The first part of trail is uphill but continually passes through copses that filter the sun and lay soft light on the ground.
We pass an old fence covered in moss. I wonder how old it is. Once it was probably new wood erected to keep something out or something in. It sat here for who knows how long as the wood decayed and the moss grew on it. How many summers has it survived? What has come and gone during its lifetime?

Once we are on the ridge line we can see San Jose. Somehow seeing local civilization always makes me feel closed in, and so it is with seeing San Jose from afar. A nice view of the city but how much nicer it would be if it were just a valley with no houses, trees or roads.

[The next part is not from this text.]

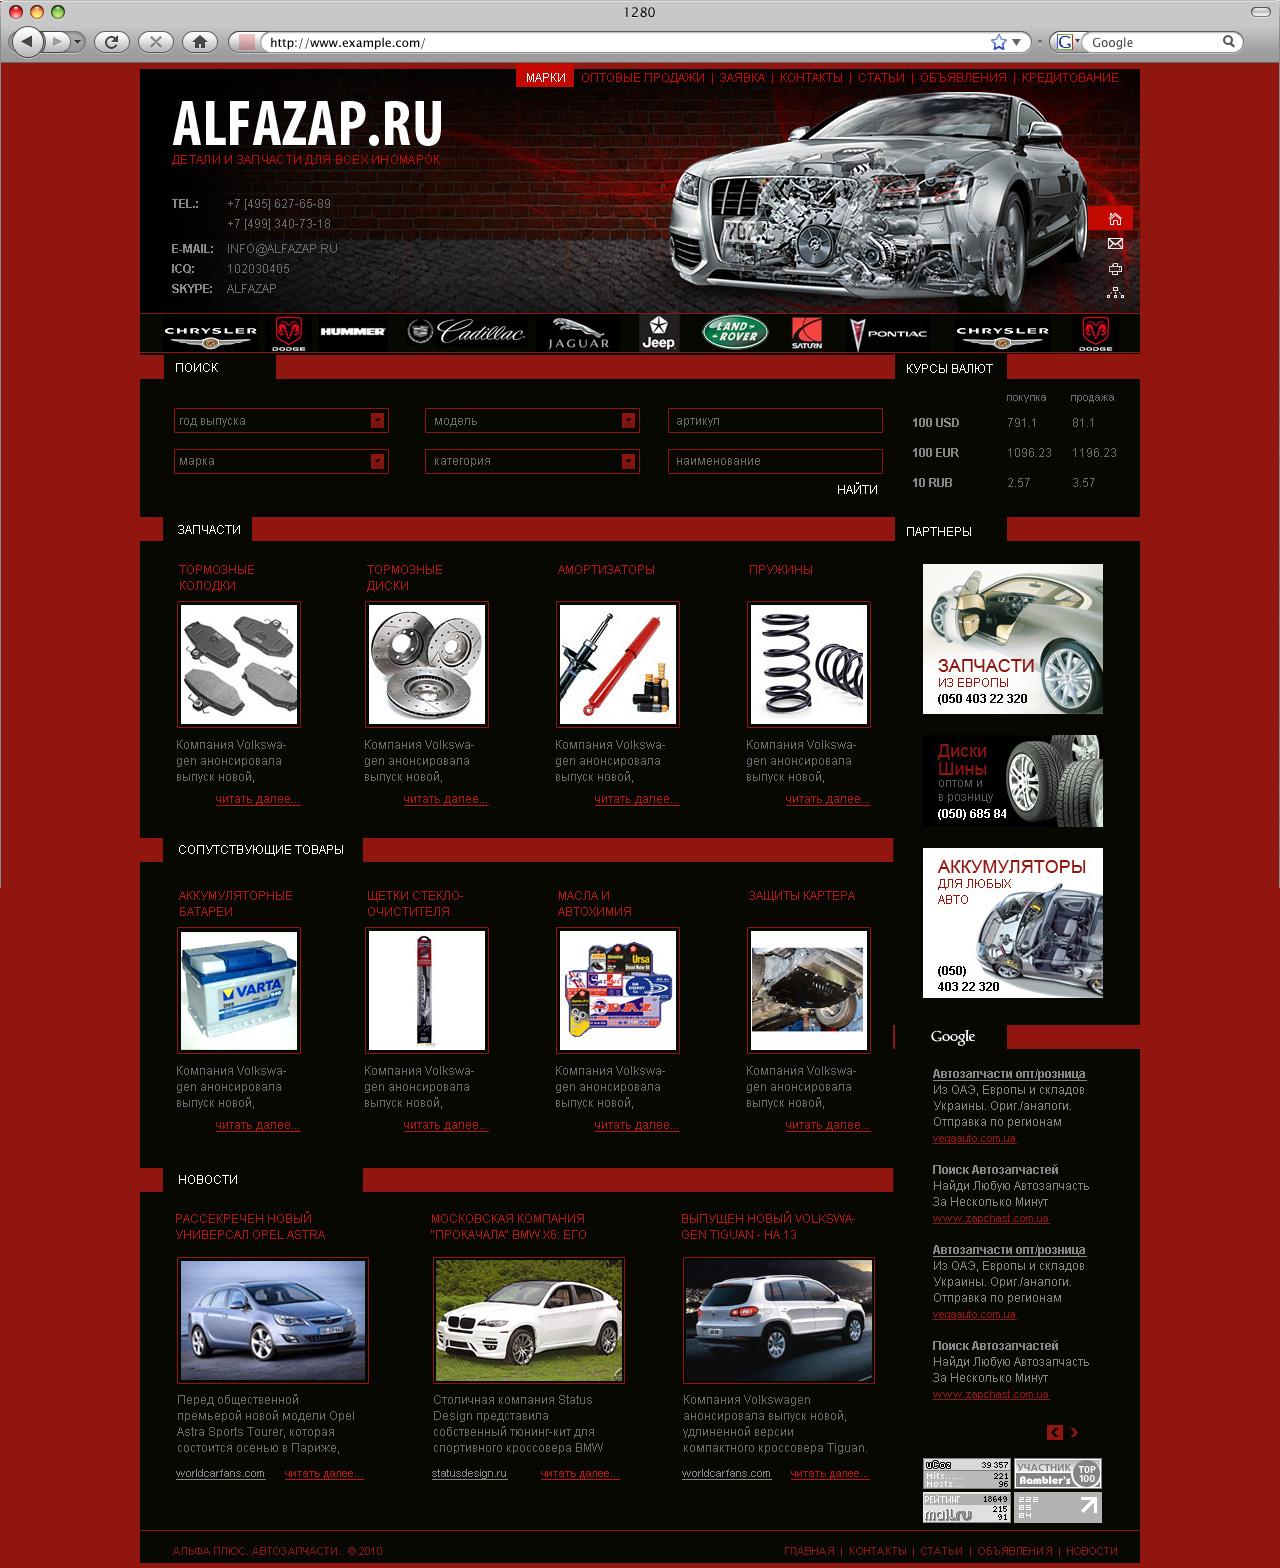 Создание сайта-каталога автозапчастей в Москве

The land to our left is private. Another old fence is keeping the cows separated from the hikers and bikers. Something about the view makes me reflect again on times past but this time I’m thinking of the early days of California when cattle ranching was probably a significant part of the economy.

As we move along the trail it’s clear that we are heading back to the trailhead. Grant Lake can be seen in the distance and so now it’s just a matter of finding our way back.
According to my trusty Timex temperature watch it’s now about 92o and we are grateful for any wind that we can find on the ridge.

Eventually we start down the hillside and it’s clear that the Dutch Flat Trail is just a loop around – something that is self evident when you look at the map.

Back in the car park there are more cars than when we arrived but it’s still deserted, none of the picnic tables are occupied and the only person around is a solo hiker returning to his car.

I guess everyone stays home on the 4th July.